Drake & Scull International (DSI) is a prime example of how a well-established company can crumble.

It faced significant losses in the wake of a drop in oil prices in 2014, which resulted in a drop in the company’s new contracts and the difficulty in reclaiming receivables owed to it.

It struggled to cope with significant financial difficulties, including debt accumulation, which made it difficult for the company to secure financing and pay its bills. It also faced delays and cancellations of key projects, in addition to management challenges, including leadership changes and disputes, which negatively impacted the company’s ability to execute its strategy.

It eventually led to the downfall of DSI, and the company has since faced bankruptcy proceedings and significant restructuring.

What Gamal has observed during the course of many years is that many businesses have no strategy at all, and on top of that confusing targets. “Another mistake is to make the management responsible for strategy, so it becomes an operational plan rather than a strategy. And the third is poor strategic KPIs and lack of board follow-up on strategic developments.”

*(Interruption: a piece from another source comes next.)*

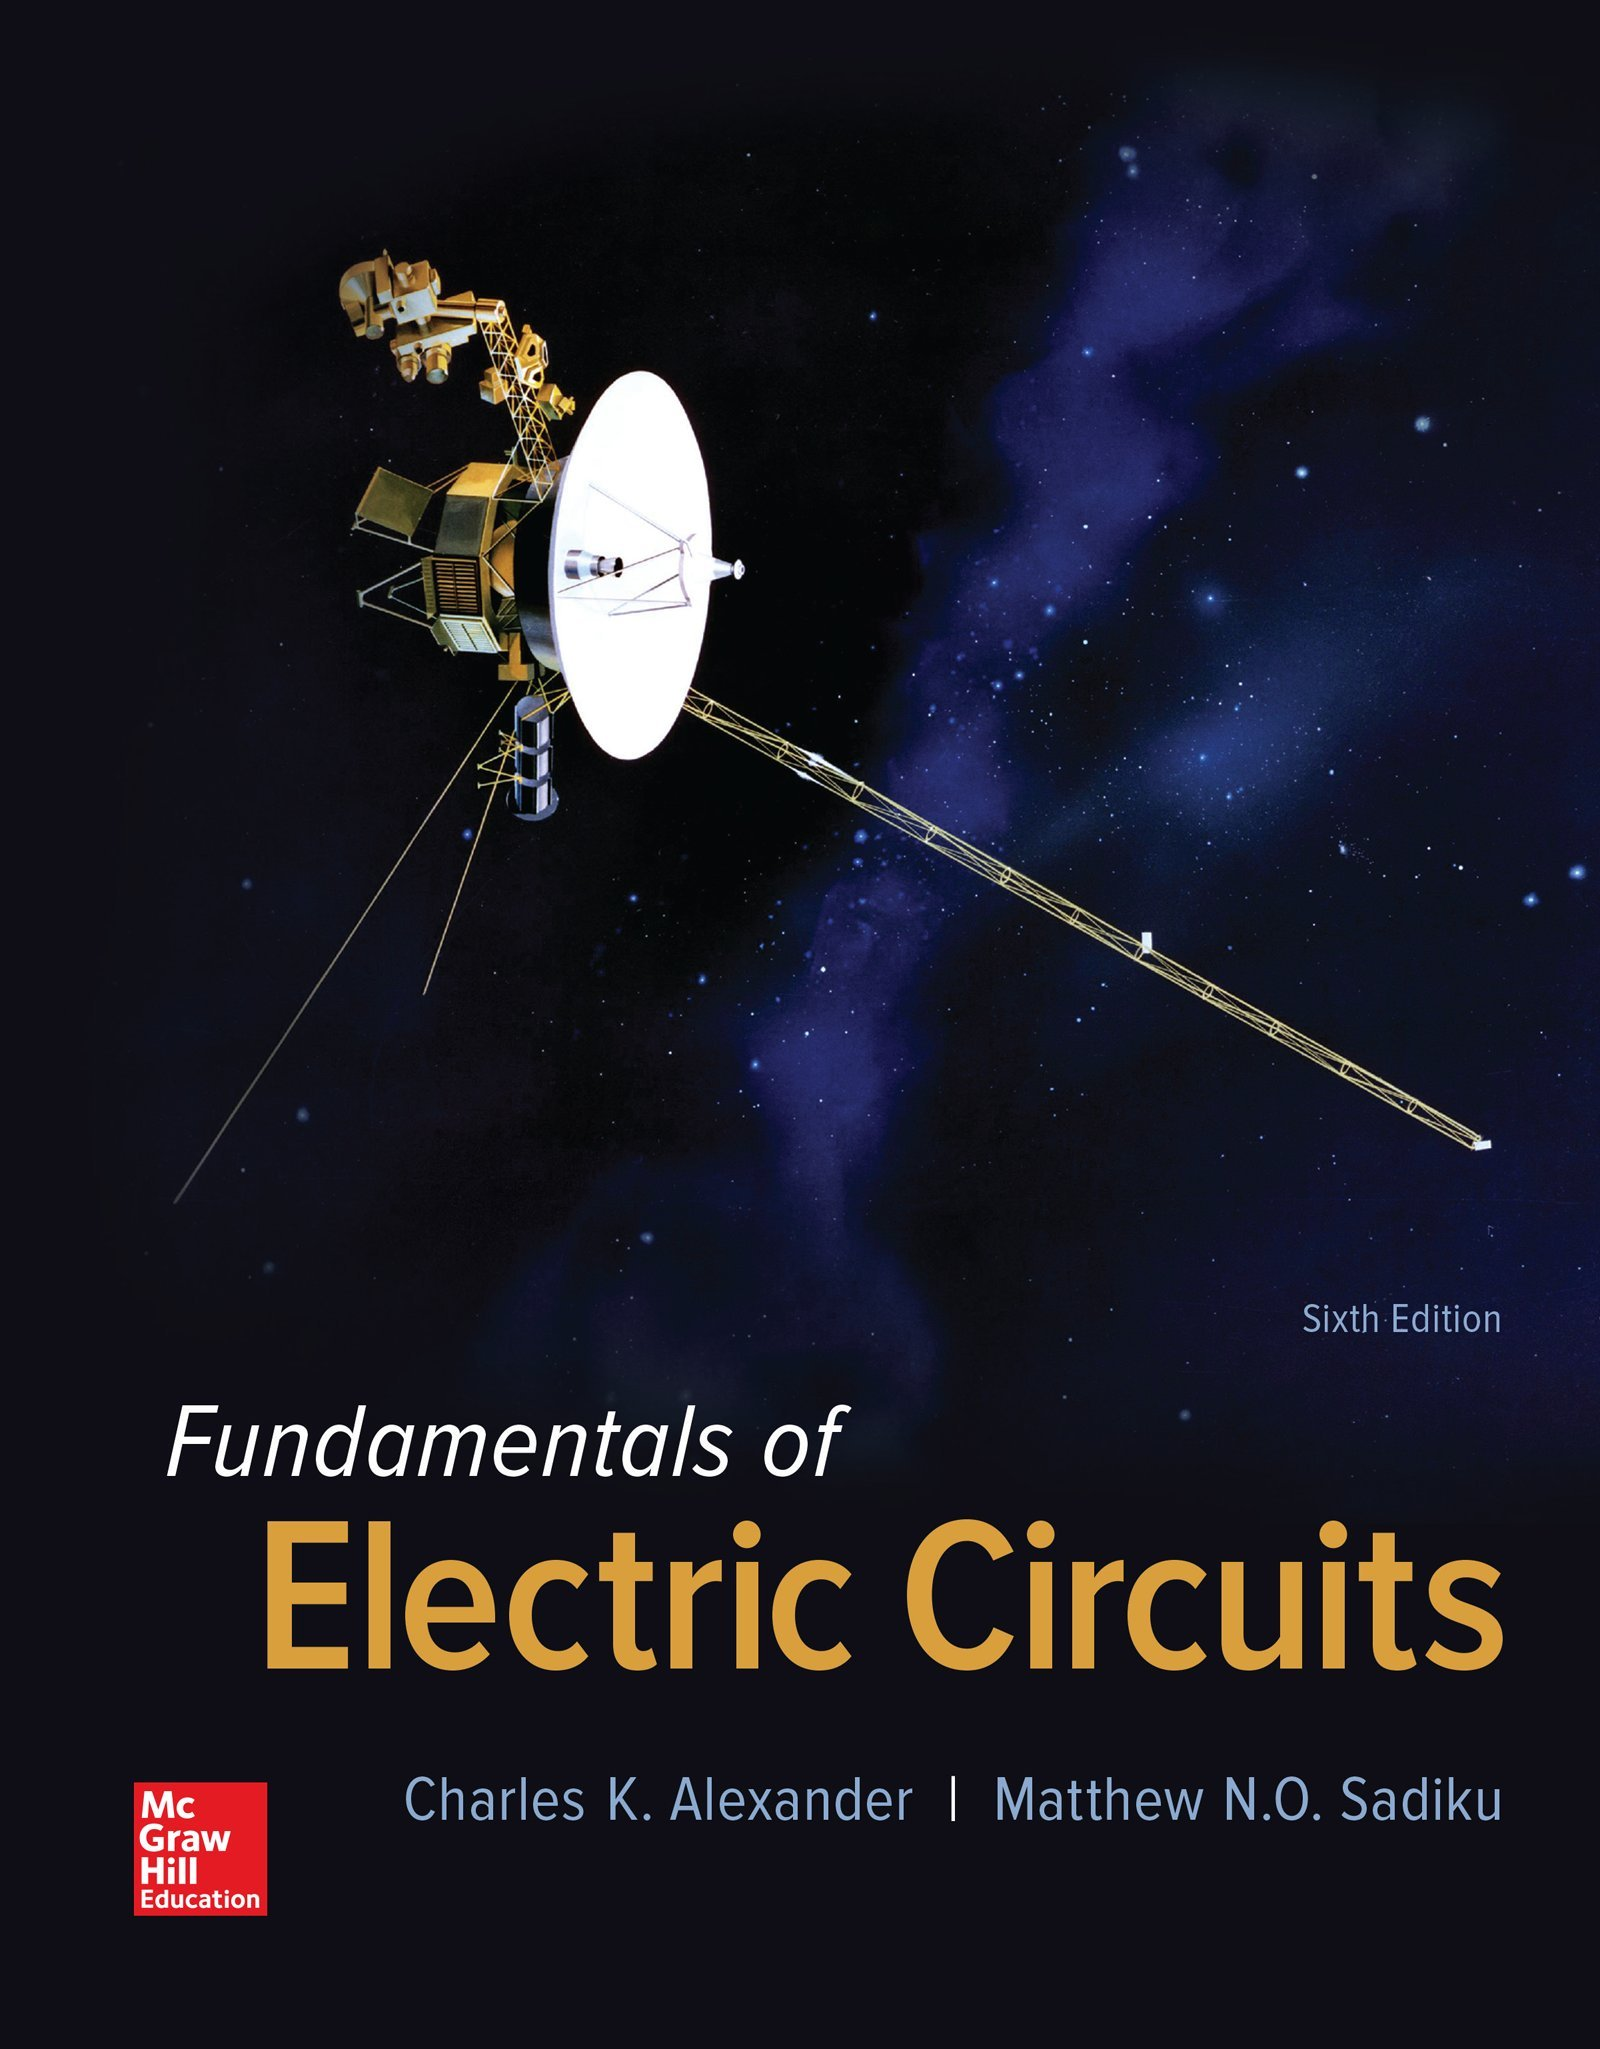 fundamentals of electric circuits charles k alexander, matthewfundamentals of electric circuits 6th edition
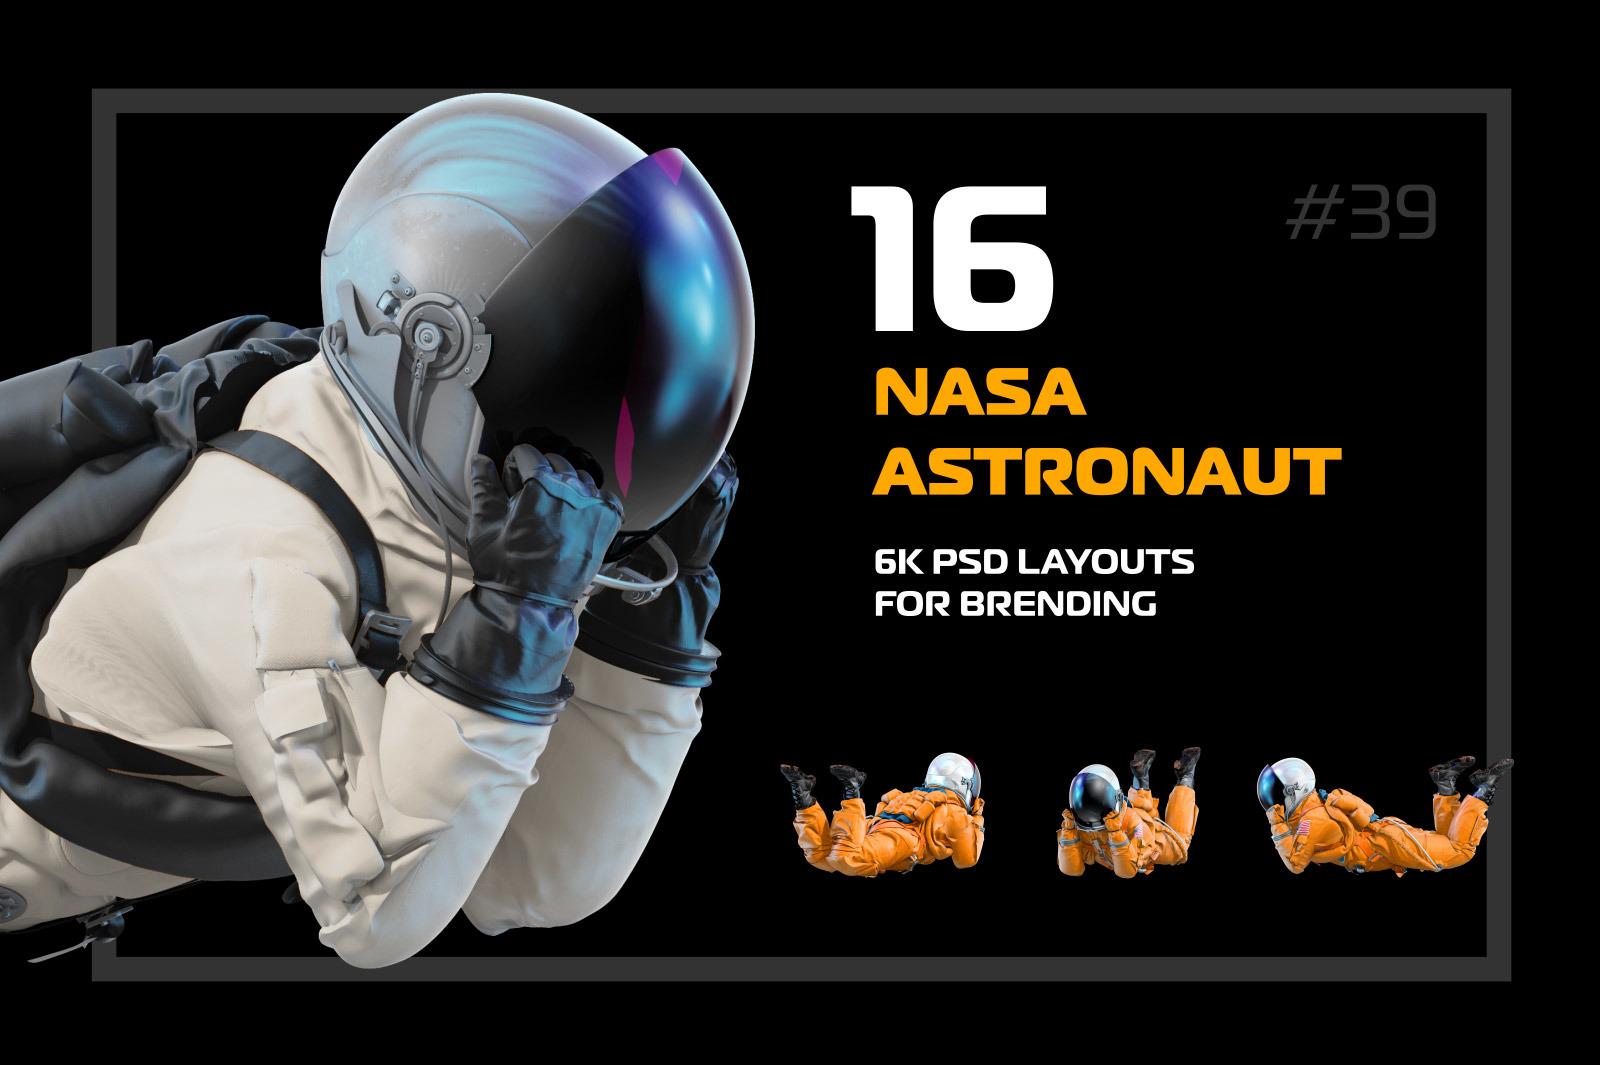 PSD Mockup 3D model NASA Astronaut #39

Valls on the other hand believes that many mistakes can be made, and yet having an effective board, whose role is to ensure the financial stewardship and strategic direction of the organization, oversee the risks, manage performance, and create value for all stakeholders, is still essential. And to ensure sound internal controls, independent internal and external audits are key elements.

Experts cite the example of the collapse of Arabtec Holding to emphasize their point. Its poor financial performance led to a loss of investor confidence, management changes and controversies, including allegations of mismanagement and corruption.

To stave off total ruin and collapse of a business, industry experts recommend for the board to take charge of strategy, in cahoots with the management. The board, according to them, must consider risk dynamics when discussing the strategy, and it must include ESG or sustainability factors. “Then the board needs to follow up on the developments multiple times each year and must adjust the strategy and its KPIs in response to major market, regulatory, or risk changes.”

According to Valls, poor corporate governance always causes the decline of shareholder value. Good corporate governance is important for all companies, private and public, as well as government entities, because it can help ensure long-term shareholder/stakeholder value.

“It is fundamentally about holding leadership (the board and management) accountable, facilitating sound decision-making, and ensuring appropriate checks and controls are in place for the organization’s long-term success and sustainability,” she said.

Gamal in turn feels that the consequences of poor corporate governance are manifold. The board is not focusing on the issues that it should be, and there is a lack of accountability between the board and management. Poor governance structure, poor internal controls, ineffective risk management, and a lack of strategic vision are the direct results.   

“After a downfall, boards need to analyze the root-causes of failure, assess their strategies, risk frameworks, control systems, and the top executive profile and make the necessary changes. Shareholders need to closely follow what is happening in their companies and decide if they need to make changes to their boards and committees to fix the problems.”